To meet this functionality is indeed as straightforward as it might sound. Basically, we loop one pass through, tokenize the text, and sum up the number, easy, right? But here is a caveat for this challenge, the input text has 10 million lines of random text, which seems not too big objectively since it’s just around 700MB of text, but to some extent, I think it’s a good number to start to learn some basic optimization. The cool thing about Rust is that we don’t need too much experience or the knowledge of too low-level details to make our program performant. By doing this challenge, we will learn a new data structure specifically suitable for handling large files, take advantage of CPU power to do parallel processing, efficient chunking, and tokenizing, unsafe operations, borrowed data, and reusable functions in Rust. So let’s tackle this problem!

Naive approach (30 seconds)

Here is a simple program that we can first come up with to solve this word count exercise:

pub fn read_file(file_path: &str) -> String {
    let mut file = File::open(file_path).expect("Fail to open the file");
    let mut content = String::new();
    file.read_to_string(&mut content).expect("Fail to read the file");
    content
}

pub fn count_words_simple(text: String) -> usize {
    text.lines().flat_map(|line| line.split_whitespace()).count()
}

We first load all the file content into the memory, and then there is a tiny function doing the word-counting job. Here we loop through each line, flat each line into words and then count them. The result is that it correctly counts the number of words for our 10 million lines input, but in…30 seconds. The native wc command of the Unix-based OS outputs the same result almost instantly. Let’s make some improvements!
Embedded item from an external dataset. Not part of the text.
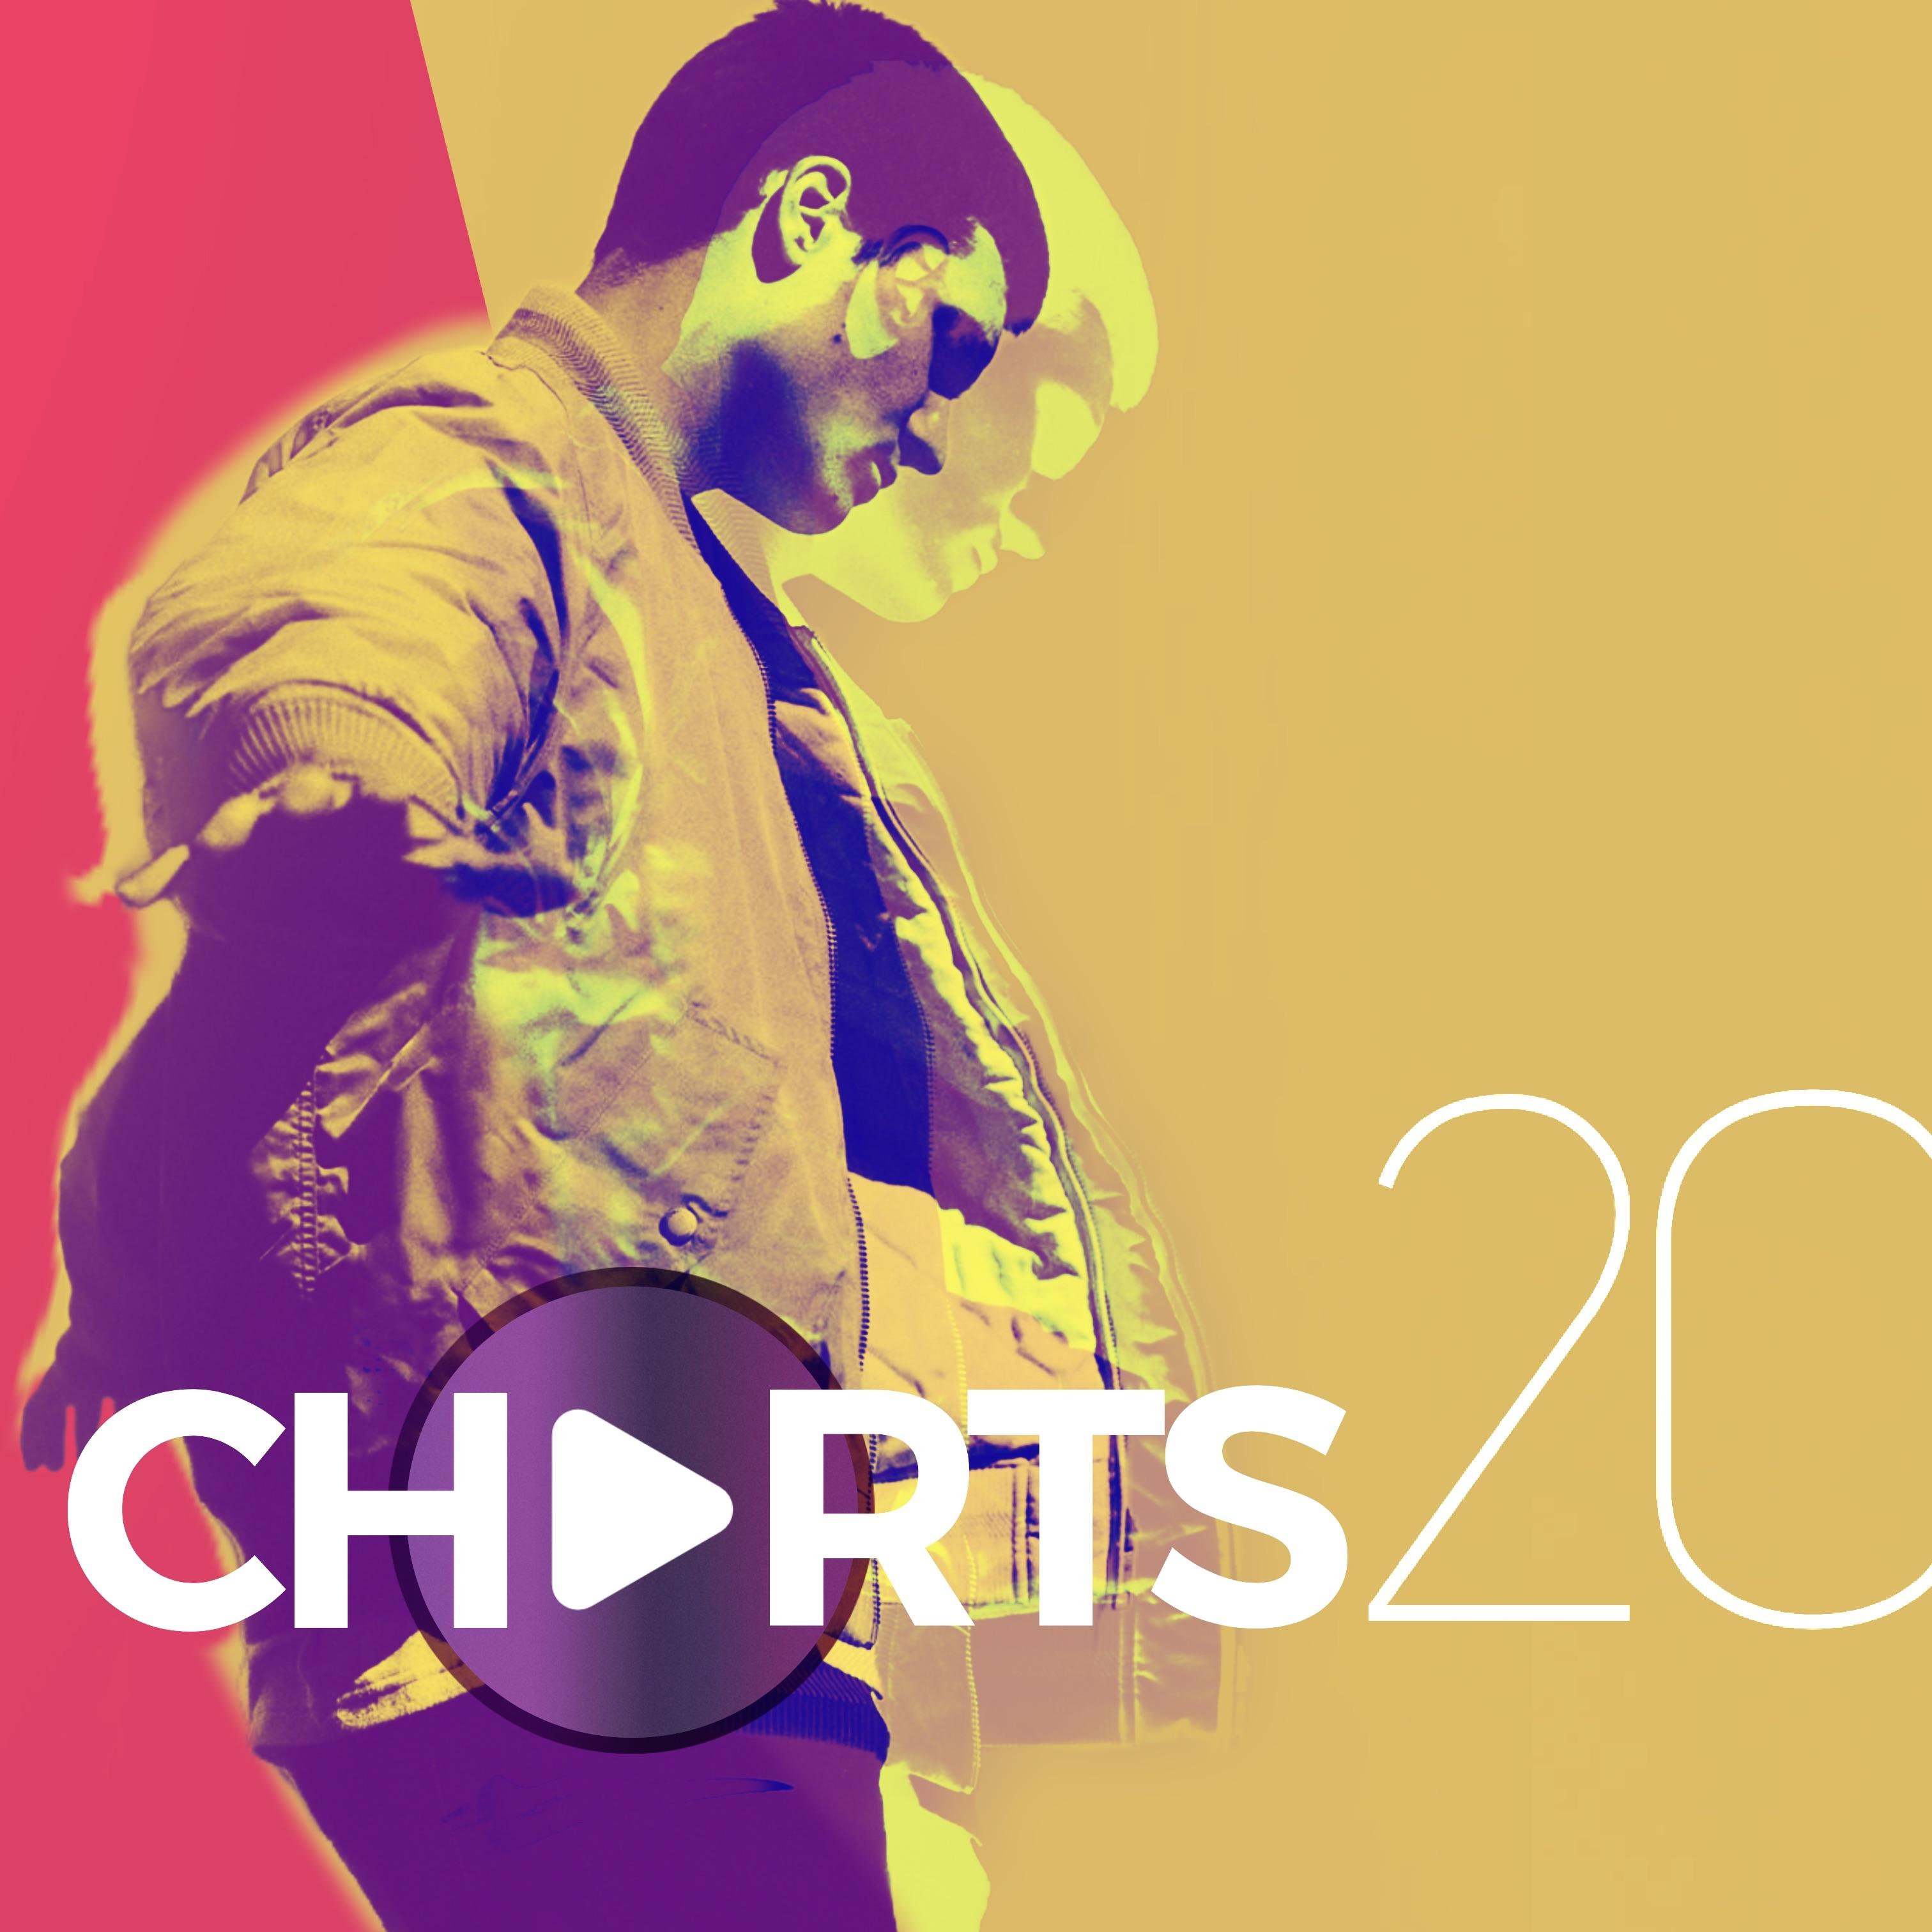 Charts 2020 Image

For the read_file function, do you think that we need to adjust it somehow? First, we can measure how long it takes to load a 10 million line file into the memory. Simply as that:

pub fn read_file(file_path: &str) -> String {
    let mut file = File::open(file_path).expect("Fail to open the file");
    let mut content = String::new();
    file.read_to_string(&mut content).expect("Fail to read the file");
    content
}

pub fn main() {
  let start = Instant::now();
  let file_path = "/path/to/the/input/file.txt"
  let content = read_file(file_path);
  println!("Total time read file: {:?}", start.elapsed()); 
}

Total time read file: 137.034ms

Turns out the performance of our read_file is already impressive, it just took around 137ms to load all the file content on my computer. File::open establishes a connection to a file from our application through a system call like read() in Unix. The actual work happens in the file.read_to_string(...), internally Rust uses a buffer for this purpose, so instead of reading a file byte-by-byte, the buffer in the memory is the immediate location where data is stored. One question might arise, why performance is better when more layers between 2 destinations, now we have to go from a file, and then to a buffer residing in the memory, and finally reach the application.

Because each time the file data is read, it needs to perform a “system call” and by doing so, the CPU needs to switch from the user mode to kernel mode, and context-switching is indeed expensive. So the idea of a buffer is to reduce the number of system calls by using a temporary location in the memory to store the data, the size of the buffer can be tuned to maximize the performance, a typical buffer size would be from 4KB to 4MB. So instead of issuing a system call on every byte, we only do that once per 4MB, for example. The advantage of this approach would be tremendous if we look at some numbers.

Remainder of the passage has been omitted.